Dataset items
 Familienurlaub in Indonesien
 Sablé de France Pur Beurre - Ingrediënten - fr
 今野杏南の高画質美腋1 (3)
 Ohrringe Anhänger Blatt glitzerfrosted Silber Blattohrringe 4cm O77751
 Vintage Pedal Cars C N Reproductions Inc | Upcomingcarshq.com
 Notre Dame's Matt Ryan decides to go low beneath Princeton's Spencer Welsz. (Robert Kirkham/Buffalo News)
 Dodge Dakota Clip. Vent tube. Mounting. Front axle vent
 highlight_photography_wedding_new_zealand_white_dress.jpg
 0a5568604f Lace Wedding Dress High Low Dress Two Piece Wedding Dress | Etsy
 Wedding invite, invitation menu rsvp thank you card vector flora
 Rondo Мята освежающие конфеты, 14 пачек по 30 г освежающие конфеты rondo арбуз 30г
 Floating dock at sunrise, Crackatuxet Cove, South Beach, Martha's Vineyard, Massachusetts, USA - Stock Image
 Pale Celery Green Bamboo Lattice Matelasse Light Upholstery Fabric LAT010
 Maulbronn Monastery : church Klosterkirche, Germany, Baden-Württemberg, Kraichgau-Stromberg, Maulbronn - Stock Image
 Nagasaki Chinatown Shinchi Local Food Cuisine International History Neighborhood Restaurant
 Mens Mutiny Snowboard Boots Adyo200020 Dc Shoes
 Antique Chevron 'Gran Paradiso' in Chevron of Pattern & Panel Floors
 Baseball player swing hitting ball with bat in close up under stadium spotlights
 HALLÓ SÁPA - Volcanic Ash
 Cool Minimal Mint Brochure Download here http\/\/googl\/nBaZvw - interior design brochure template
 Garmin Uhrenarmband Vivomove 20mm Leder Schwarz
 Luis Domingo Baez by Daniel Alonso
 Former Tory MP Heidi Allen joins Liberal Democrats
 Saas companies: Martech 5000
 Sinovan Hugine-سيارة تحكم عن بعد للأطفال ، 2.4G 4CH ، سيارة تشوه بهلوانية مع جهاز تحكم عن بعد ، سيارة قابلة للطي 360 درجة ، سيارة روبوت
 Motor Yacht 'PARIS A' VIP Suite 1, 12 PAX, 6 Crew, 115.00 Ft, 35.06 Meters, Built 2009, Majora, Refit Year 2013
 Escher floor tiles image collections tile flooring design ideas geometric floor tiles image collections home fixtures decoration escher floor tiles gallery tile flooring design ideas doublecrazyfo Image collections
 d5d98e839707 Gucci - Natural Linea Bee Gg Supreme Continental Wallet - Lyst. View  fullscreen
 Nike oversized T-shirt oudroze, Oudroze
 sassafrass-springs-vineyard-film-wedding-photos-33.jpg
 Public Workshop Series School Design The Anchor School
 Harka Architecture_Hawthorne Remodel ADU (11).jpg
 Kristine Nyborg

▶ TASK PROMPT
Which lines above contain "Stock"? Show each of them.

▶ RESULT OF THIS TASK
 Floating dock at sunrise, Crackatuxet Cove, South Beach, Martha's Vineyard, Massachusetts, USA - Stock Image
 Maulbronn Monastery : church Klosterkirche, Germany, Baden-Württemberg, Kraichgau-Stromberg, Maulbronn - Stock Image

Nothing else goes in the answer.